Consumer confidence rose slightly this month from last month, with public sentiment toward stock investment and economic outlook showing the most obvious improvement, a report released by National Central University yesterday said.
The consumer confidence index (CCI) gained 1.91 points this month to 62.47, the university’s Research Center for Taiwan Economic Development said in the report.
The index rose for the fourth consecutive month since August’s 53 points. It was 60.56 last month, the center’s tallies showed.
“This month’s report showed that the upward trend in consumer confidence has remained unchanged this year,” center director Hsu Chih-chiang (徐之強) said by telephone. “Clearly, people are now much more optimistic than they were eight or nine months ago, when the economy was hardest hit by global financial crisis.”

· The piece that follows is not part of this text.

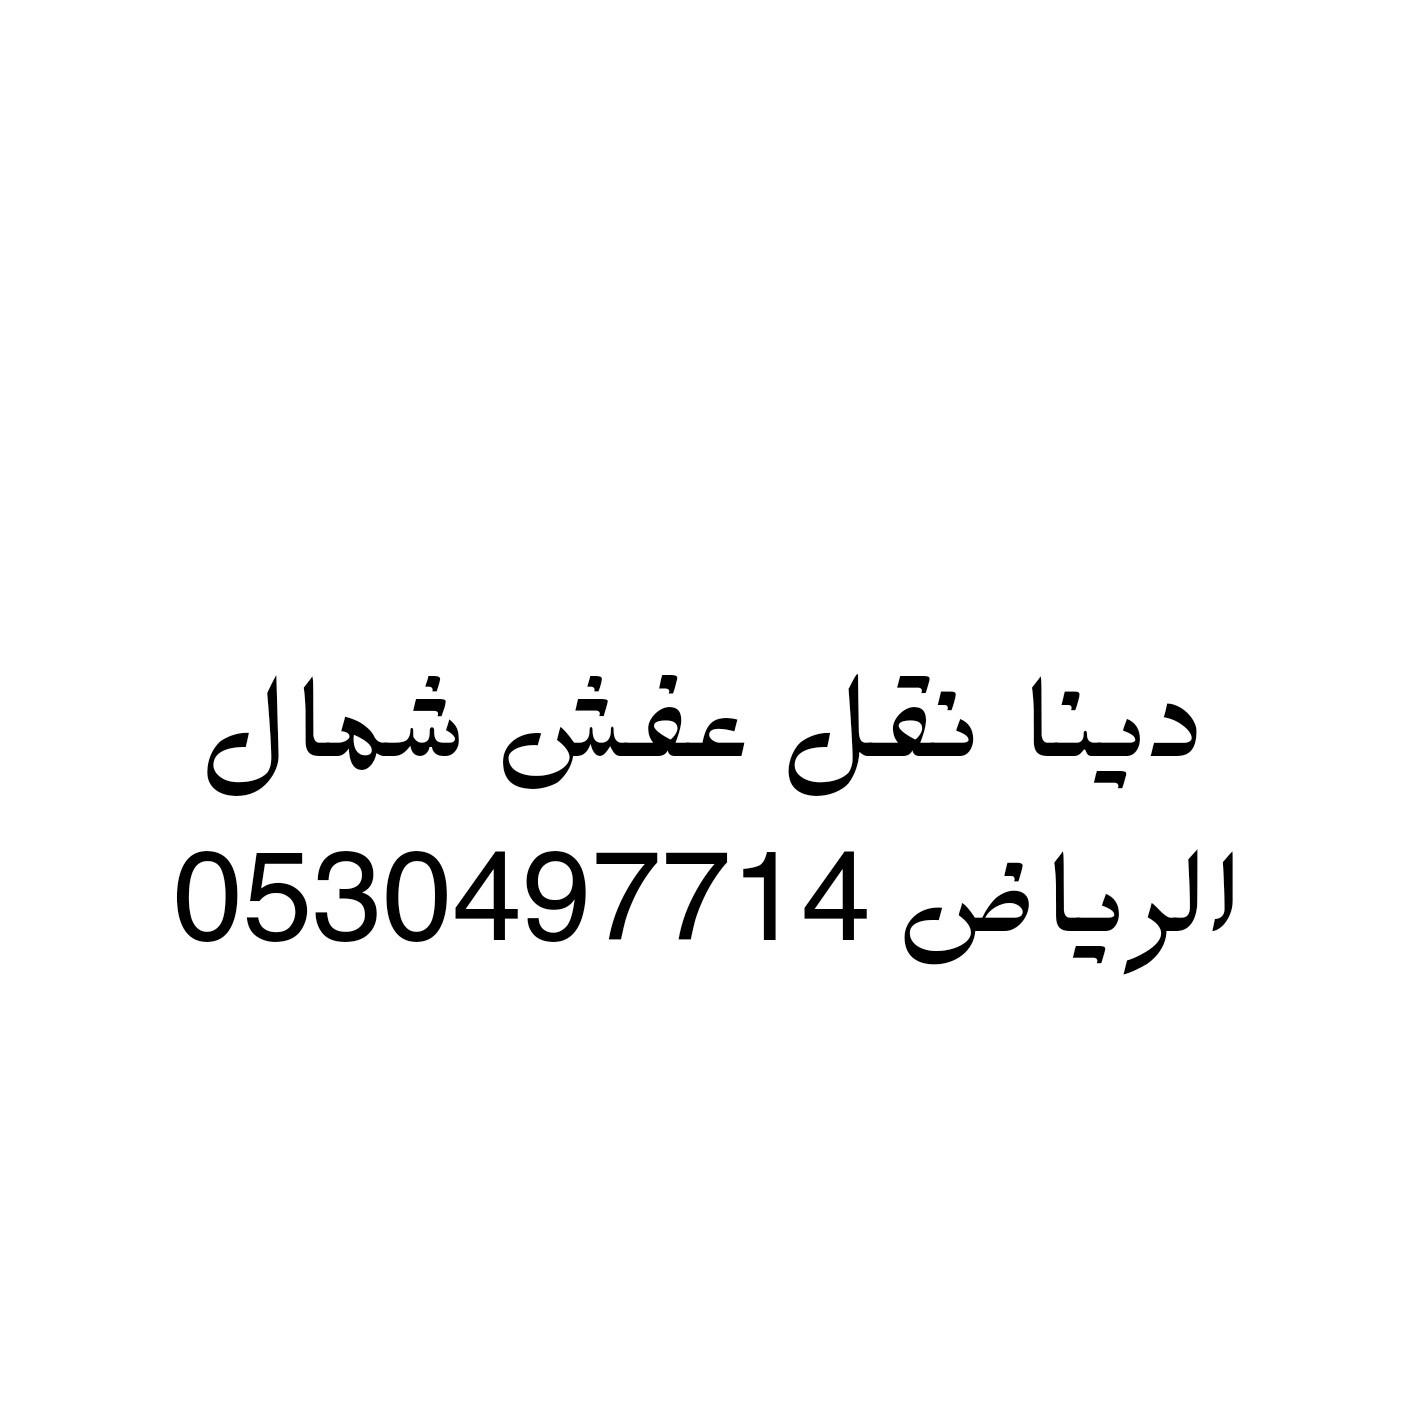 شراء اثاث مستعمل حي الخليج 0530497714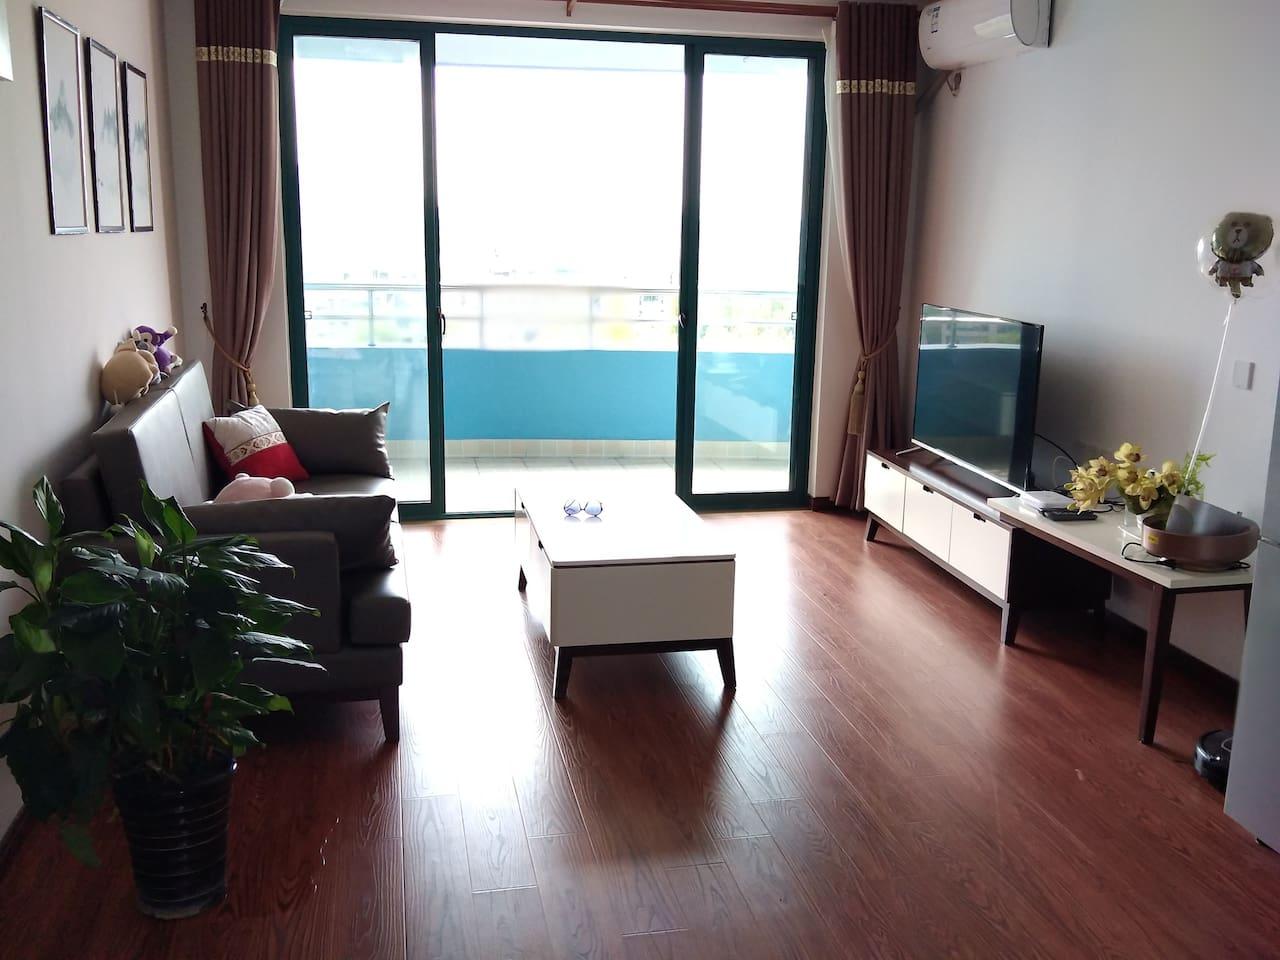 客厅配有电视 沙发 茶几 餐桌等家具,从客厅阳台可以看到陆家嘴金融中心。

The CCI benchmark gauges public expectations concerning stock performance, household finances, durable goods, job opportunities, consumer price fluctuations and the economic outlook over the next six months. This month’s survey — which polled 2,388 people over the age of 20 nationwide between last Thursday and Sunday — showed improvements on all sub-indexes except consumer price outlook.
The report showed the commodity price sub-index dropped 0.95 point to 43.30, indicating that the public was still concerned about rises in raw material prices worldwide.
But the report indicated that public opinion was primarily upbeat about stock investments for the next six months, with its stock investment sub-index showing the biggest jump, by 3.80 points, to 89.
Just over 34 percent of respondents said they would invest in stocks, up from 31.8 percent last month, while 45.3 percent said they would avoid the market in the near future, down from 46.67 percent last month, the report said.
The TAIEX, however, fell 248.25 points, or 3.21 percent, to close at 7,490.91 yesterday, its lowest finish in three weeks as uncertainty about the fallout from Dubai’s financial trouble hurt the market.
“From a long-term perspective, the public sentiment toward stock investment usually showed a bigger fluctuation than other sub-indexes, affected primarily by breaking news at the time. The Dubai news may have some impact on next month’s survey if the global rout in stocks continues,” Hsu said.
Public confidence in the economic outlook for the next six months also rose this month, with the sub-index edging up 3.15 points to 56.70.
The positive sentiment came after the Directorate General of Budget, Accounting and Statistics (DGBAS) said on Thursday that the economy contracted at its slowest pace in a year in the third quarter, at 1.29 percent year-on-year.
The government also raised its fourth-quarter forecast to a growth of 6.89 percent, from a 5.49 percent increase predicted in August, and revised its full-year forecast to a decline of 2.53 percent, from its previous forecast of a 4.04 percent contraction, the DGBAS said.